(DATASET RECORDS begins)

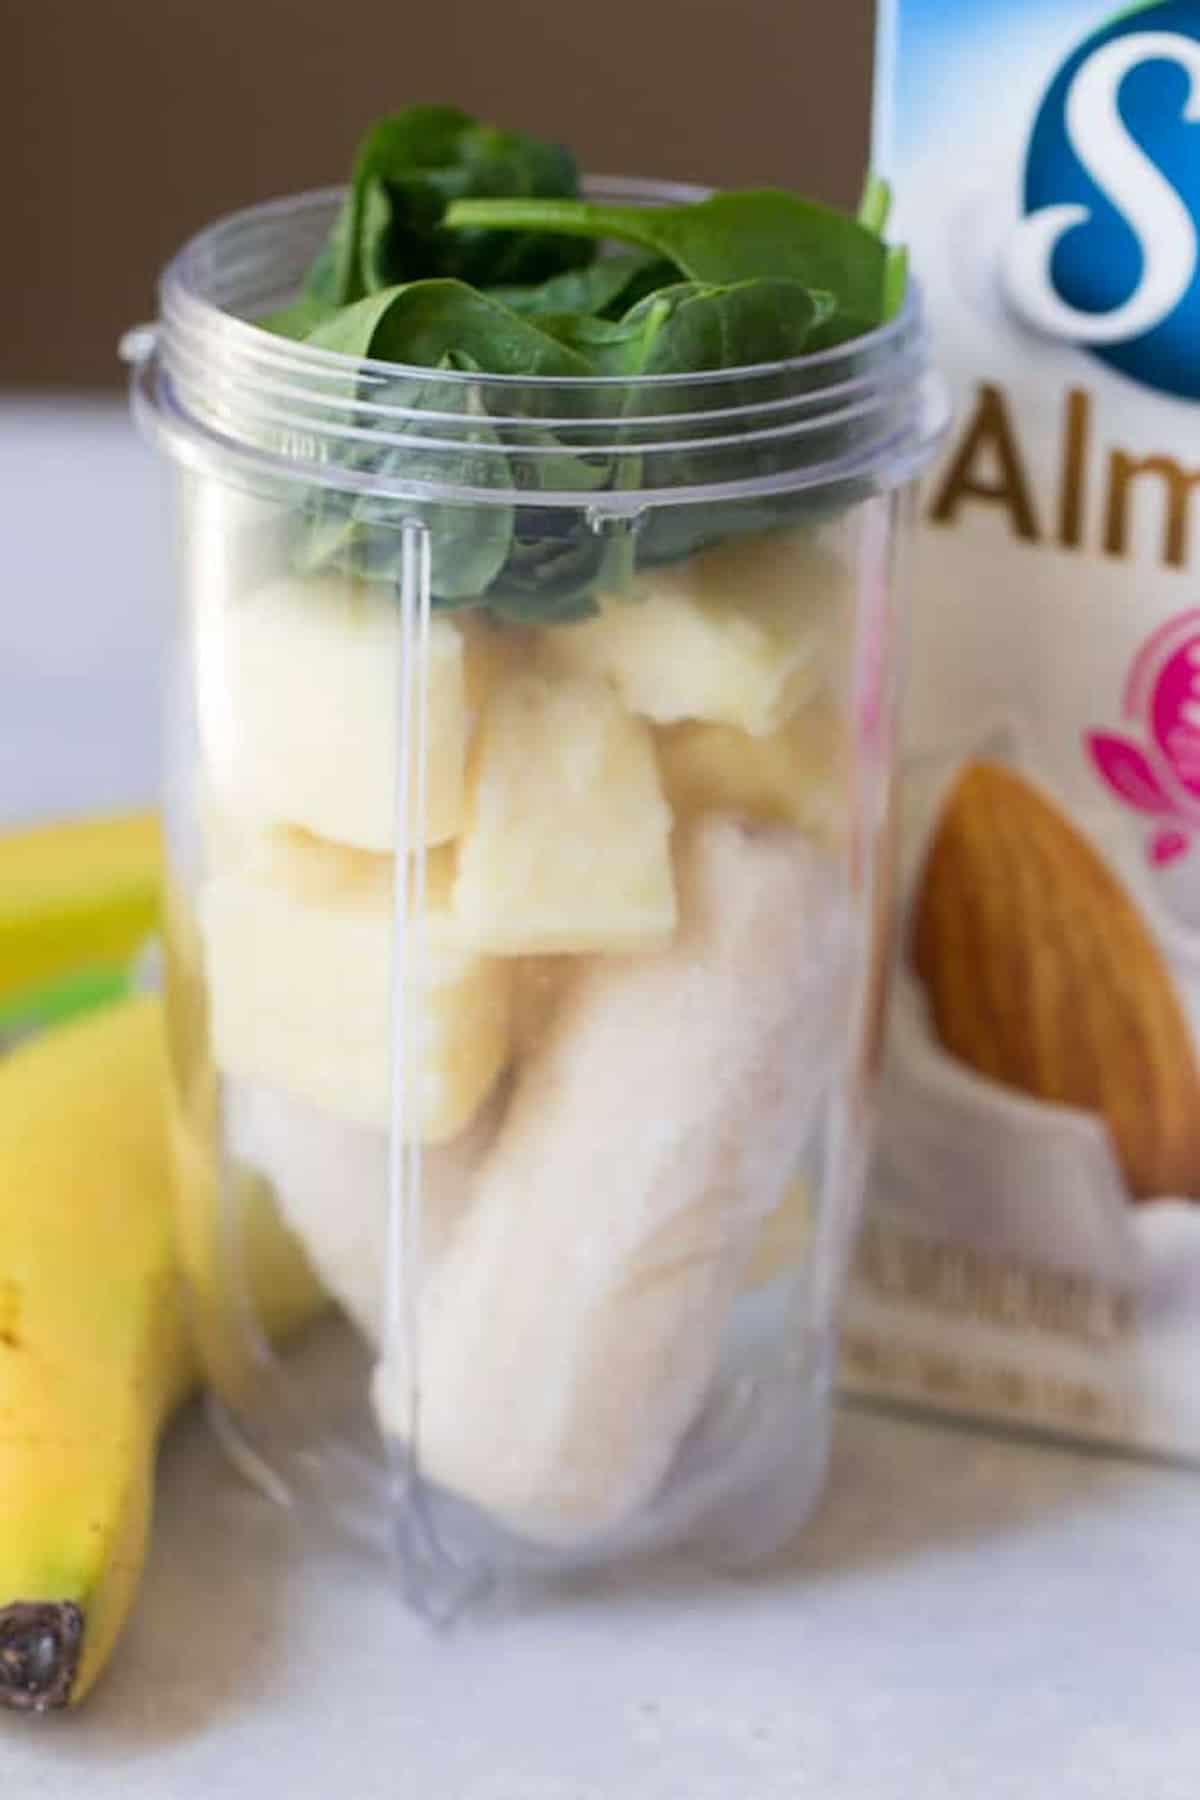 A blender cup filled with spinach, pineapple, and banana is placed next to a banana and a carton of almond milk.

(DATASET RECORDS ends)
(DATASET RECORDS begins)

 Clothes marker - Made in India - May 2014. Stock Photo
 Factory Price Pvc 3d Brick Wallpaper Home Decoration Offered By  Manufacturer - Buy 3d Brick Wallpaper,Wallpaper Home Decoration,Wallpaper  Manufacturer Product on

(DATASET RECORDS ends)

PROBLEM STATEMENT:
Above are the records; from them, give again exactly the lines from the one containing "Clothes marker - Made" through the one containing "Factory Price Pvc", both included.

SOLUTION:
 Clothes marker - Made in India - May 2014. Stock Photo
 Factory Price Pvc 3d Brick Wallpaper Home Decoration Offered By  Manufacturer - Buy 3d Brick Wallpaper,Wallpaper Home Decoration,Wallpaper  Manufacturer Product on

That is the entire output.